To find the width of the park, you can use the formula for the area of a rectangle, which is:

\[ \text{Area} = \text{Length} \times \text{Width} \]

From this, we can solve for the width:

\[ \text{Width} = \frac{\text{Area}}{\text{Length}} \]

Given:

• Area = \( 1.36 \times 10^8 , \text{ft}^2 \)
• Length = \( 1.6 \times 10^4 , \text{ft} \)

Now, substitute the values into the formula for width:

\[ \text{Width} = \frac{1.36 \times 10^8}{1.6 \times 10^4} \]
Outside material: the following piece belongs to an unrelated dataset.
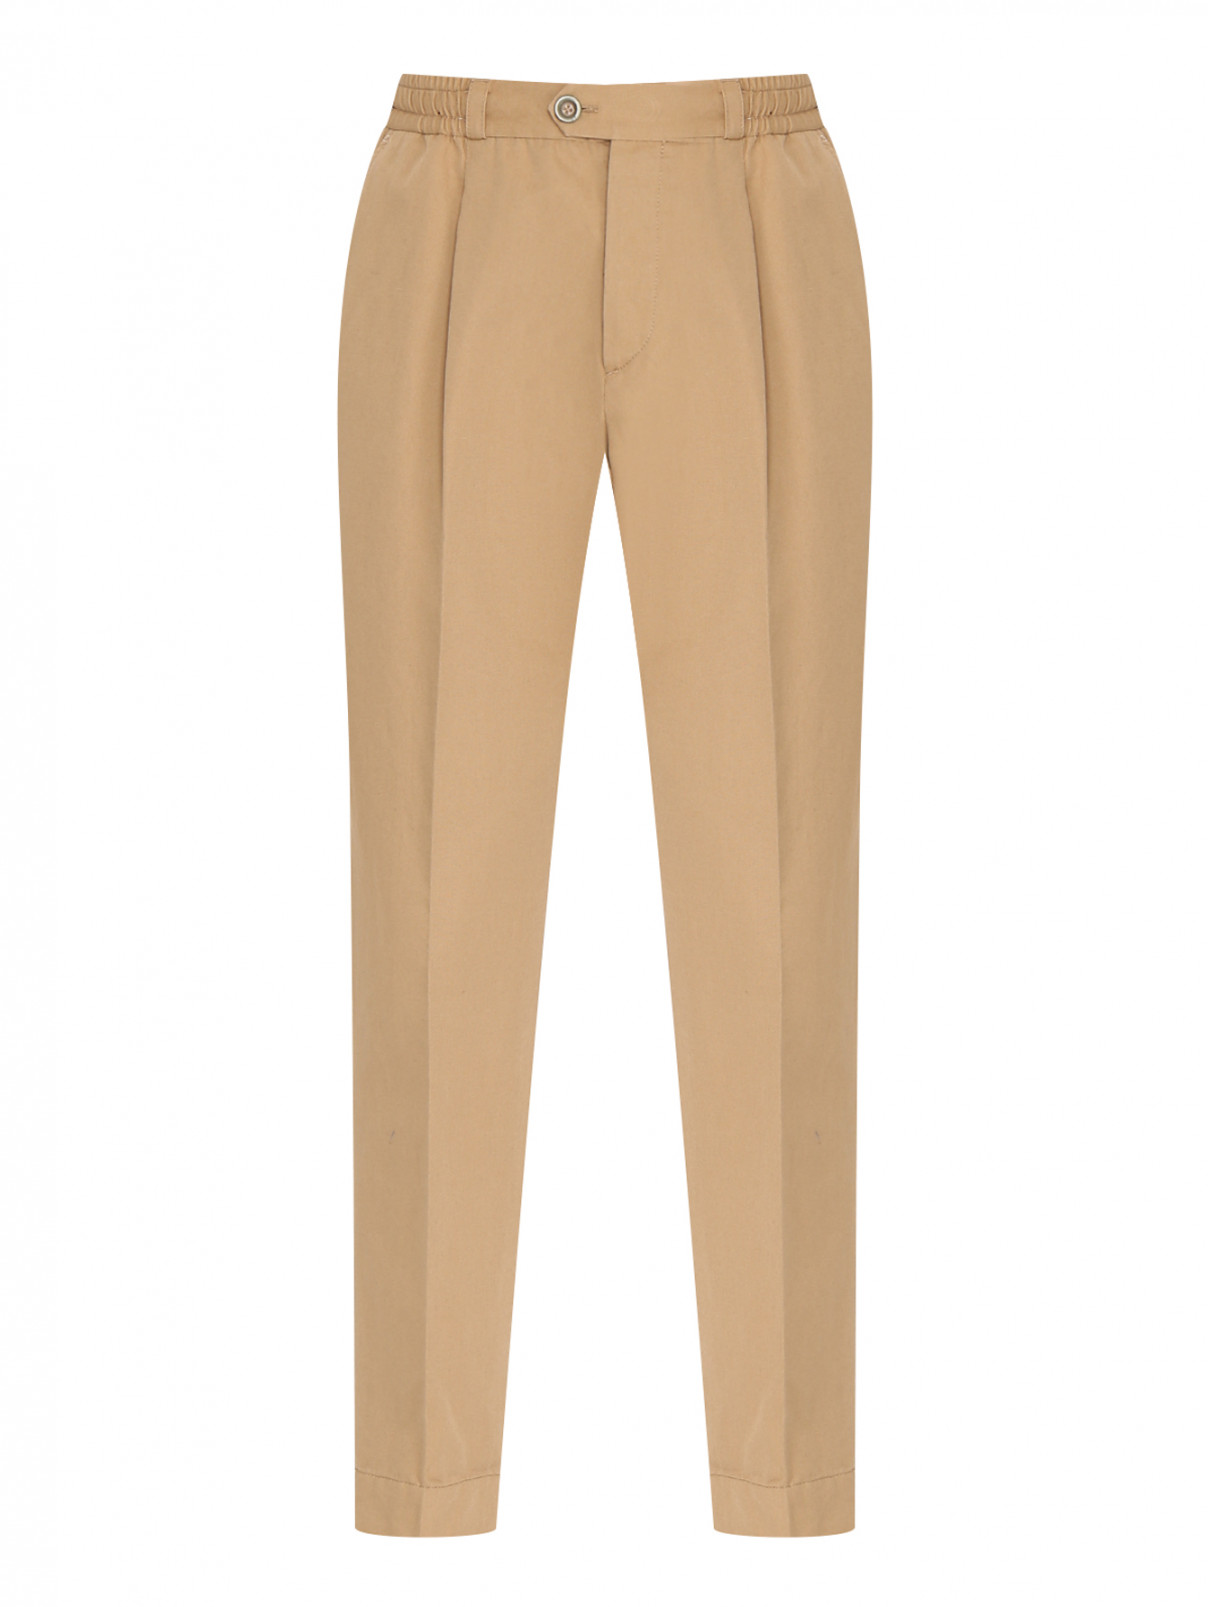 Однотонные брюки из смеси хлопка и льна PT Torino  –  Общий вид  – Цвет:  Желтый

To perform the division, we can divide the coefficients and subtract the exponents:

\[ \text{Width} = \frac{1.36}{1.6} \times 10^{8 - 4} \]
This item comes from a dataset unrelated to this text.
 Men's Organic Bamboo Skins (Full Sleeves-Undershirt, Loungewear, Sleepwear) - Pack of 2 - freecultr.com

Calculating the coefficient:

\[ \frac{1.36}{1.6} = 0.85 \]

Now substituting back into the equation:

\[ \text{Width} = 0.85 \times 10^4 \]

To convert \( 0.85 \) into scientific notation:

\[ 0.85 = 8.5 \times 10^{-1} \]

So:

\[ \text{Width} = 8.5 \times 10^{-1} \times 10^4 = 8.5 \times 10^{3} \]

Thus, the width of the park is:

\[ \text{Width} = 8.5 \times 10^3 , \text{ft} \]

The correct response is 8.5×103 ft (8.5 times 10 cubed ft).